Perhaps the first thing that comes to mind when mentioning Holy Ganges river is a giant garbage dump. Unfortunately, despite the sacred status, the reservoir is incredibly heavily polluted. However, some Indians not only wash things in it, but also themselves and even drink water from the Ganges.
Due to this trend, outbreaks of various diseases are considered frequent throughout the river in settlements. There is even an opinion that some people mutated into terrible creatures due to constant cohabitation with river slops. This is perhaps just another urban horror story, but various travelers who visited India in the 19th and 20th centuries have mentioned about this.
For example, the Italian ethnographer Vincenzo Pauletti wrote in his diary about a mysterious settlement in northern India. According to him, there lived people with six limbs and covered with scales. Their habits were wild, and they hid from people for a long time while being under water. All attempts to get in contact with them ended in aggression or flight from the representatives of the tribe.
Pauletti pointed out that out of six limbs, there were more often 4 arms, but there were instances with four legs. Theoretically, such a deformity could be the result of a mutation, but the conclusions of the Italian suggest otherwise. He believes that these are completely different people, descended from fish or reptiles.

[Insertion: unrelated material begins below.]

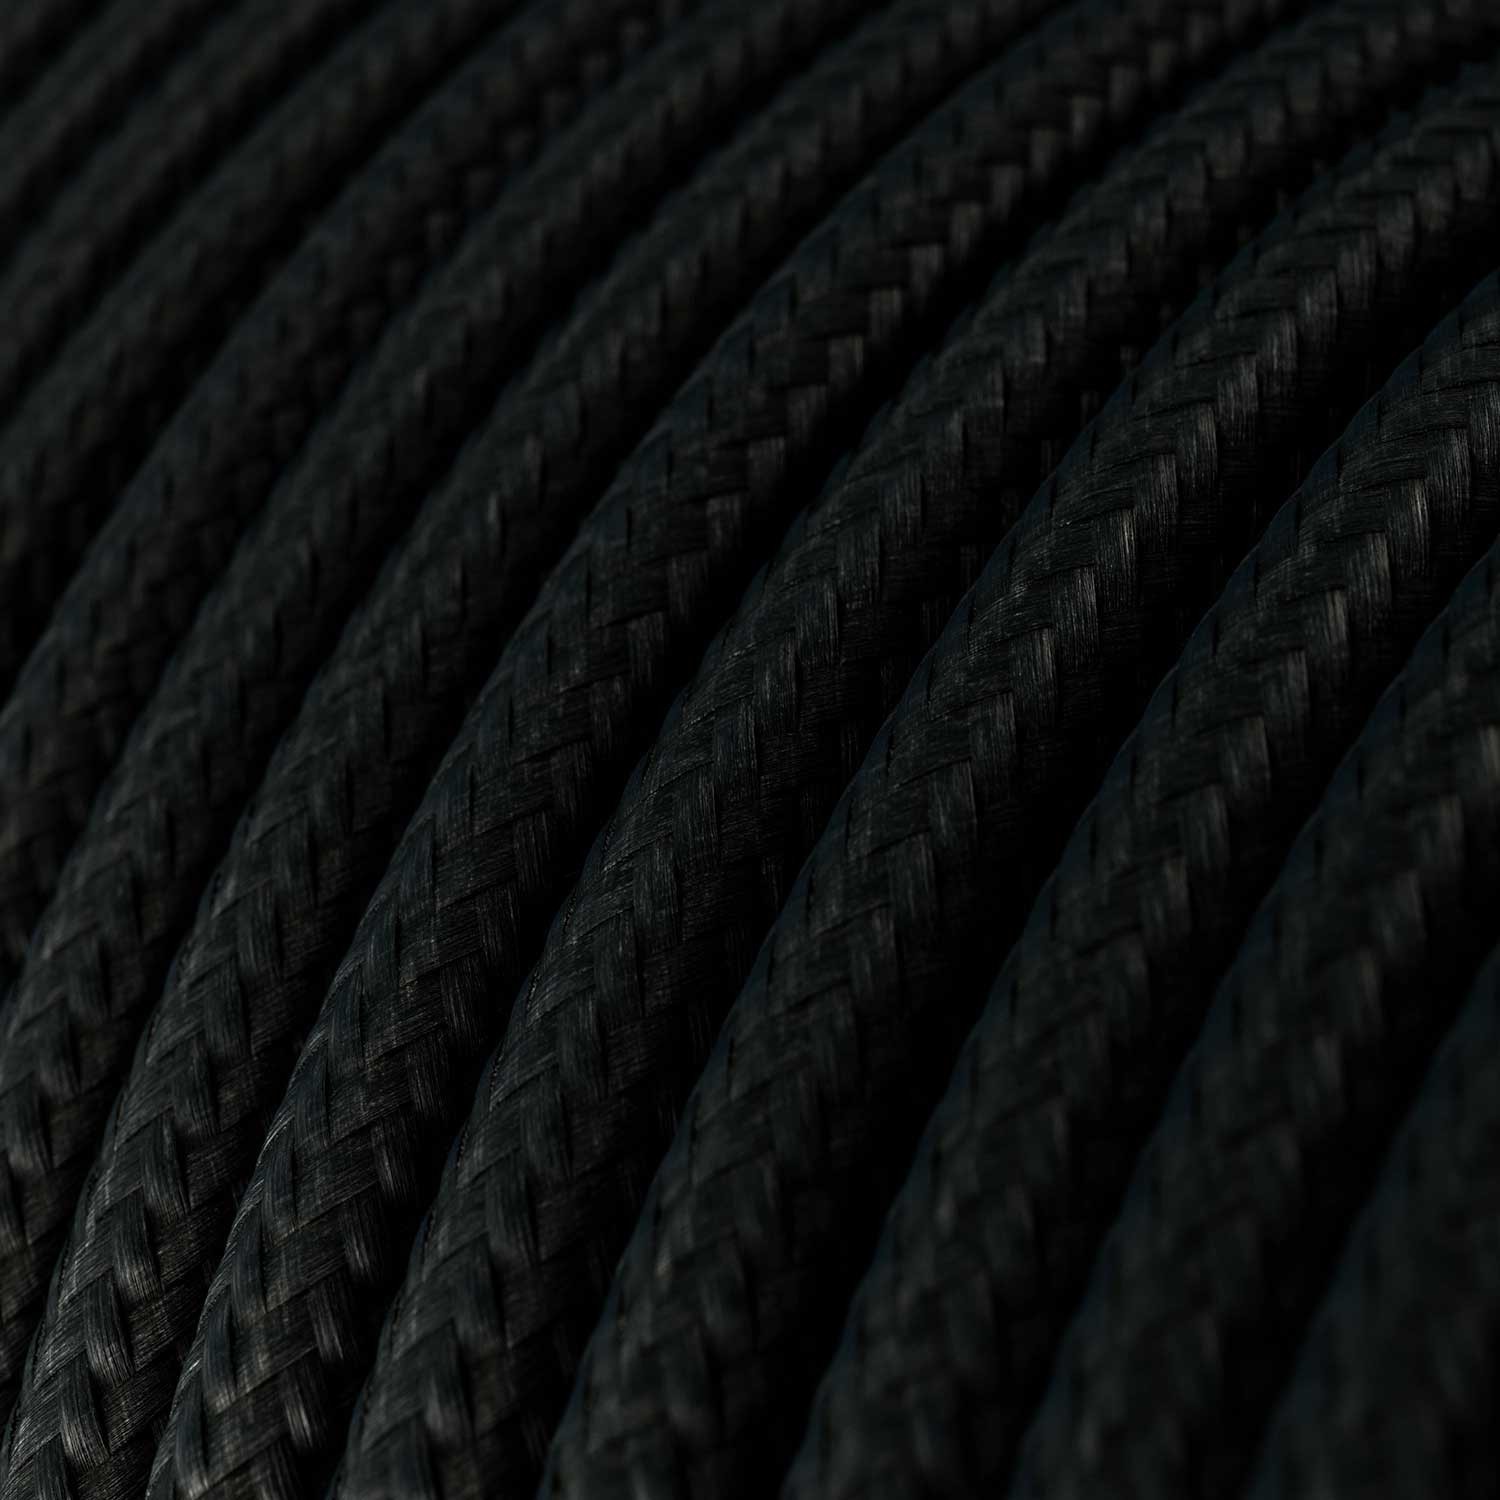 Ultra puha szilikon kábel fényes fekete szövetborítással - RM04 kerek 2x0,75 mm

In 1902, the English traveler Max Conrad wrote about similar creatures on the border of India and Nepal. In his opinion, these were just people with their own language, different from Indian and its different dialects. These mysterious creatures built their settlements in swampy areas of the forest or near ponds in dense grass. Their dwellings were rounded huts, half filled with water. The creatures were very afraid of fire and loud sounds.
In 1966, the Frenchman Rami Curietton, referring to the stories of the inhabitants of the mountain settlement of Badrinath, wrote about mud people who crawl out of the most polluted areas of the Ganges at night and steal children, livestock, and various utensils.

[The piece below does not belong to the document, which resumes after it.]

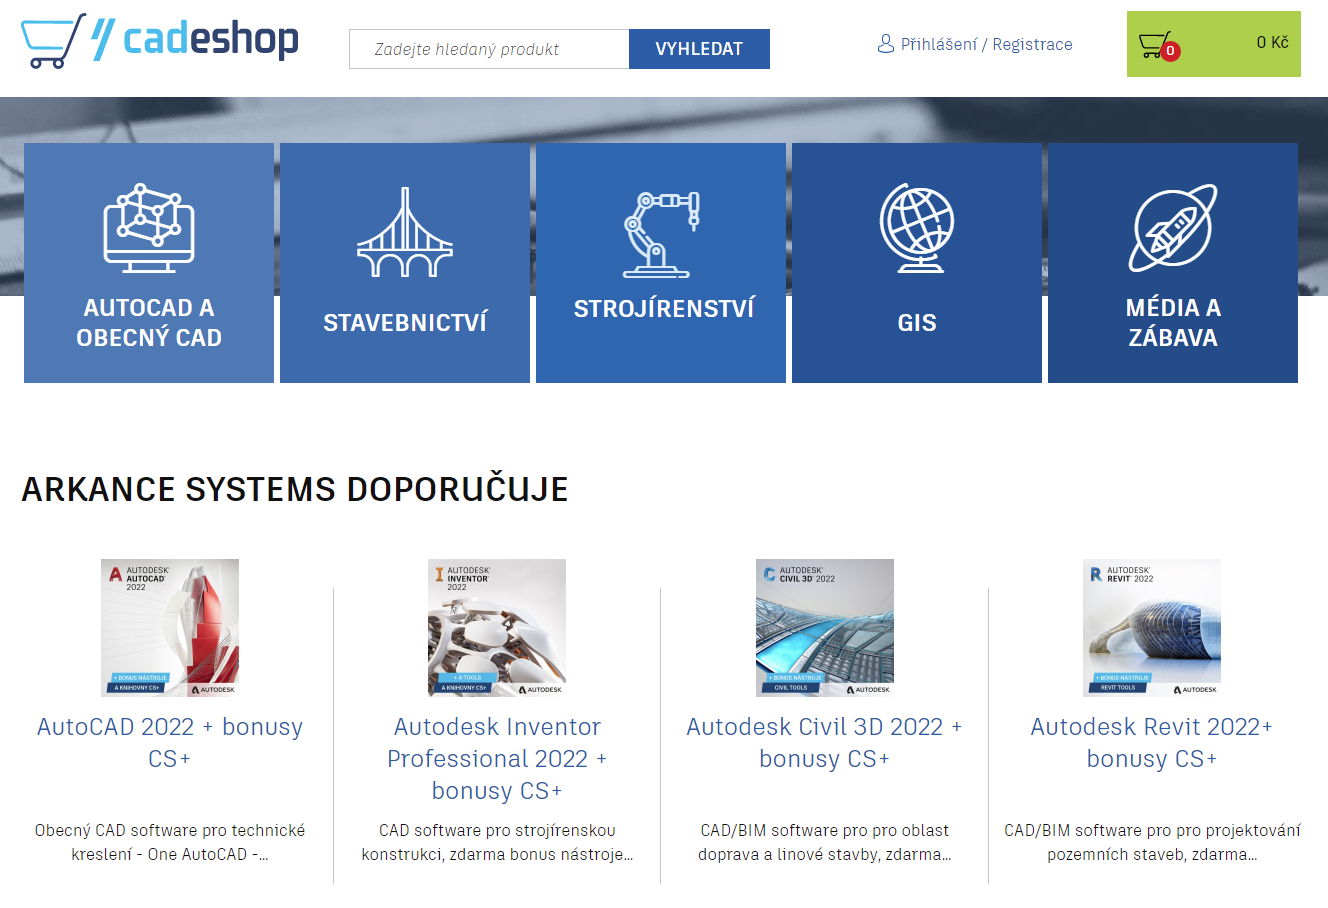 CAD e-shop společnosti Arkance Systems - produkty, služby, e-learning

These beings are no longer human, having given their souls to a mud demon in the 12th century AD. Since then, they have lived in swamps, near dumps on the Ganges and in other similar places. As a token of his satisfaction, the mud demon allowed them not to breathe in the same way as ordinary humans do. Thanks to this, mud people can live for a long time under water as well as in liquid mud or swampy bog.
There is a lot of evidence of encounters with such creatures. Europeans, Americans and Indians themselves wrote about it. Whether these mysterious people are mutants or a separate evolutionary branch is difficult to say. Much is said about fish-men and reptilian-derived humanoids in myths, and all over the world.

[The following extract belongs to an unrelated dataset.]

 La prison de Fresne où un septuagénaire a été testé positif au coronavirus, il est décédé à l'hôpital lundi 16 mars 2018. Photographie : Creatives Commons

As for India, superstitious people live here, and in the dark a dirty cripple or a homeless person can be mistaken for a mud demon.
Additionally, India is a country where the ideas of Eugenics developed in practice and there are separate breeds of people with their given breed characteristics. Millennia-old selection on the caste system has led to the fact that some workers from separate castes work in such a way that even the most modern device under the control of a robot will not be able to do it.
Others, alas, are only hereditary scavengers and nothing can be done. The Brahmin caste are brilliant pharmacists and programmers.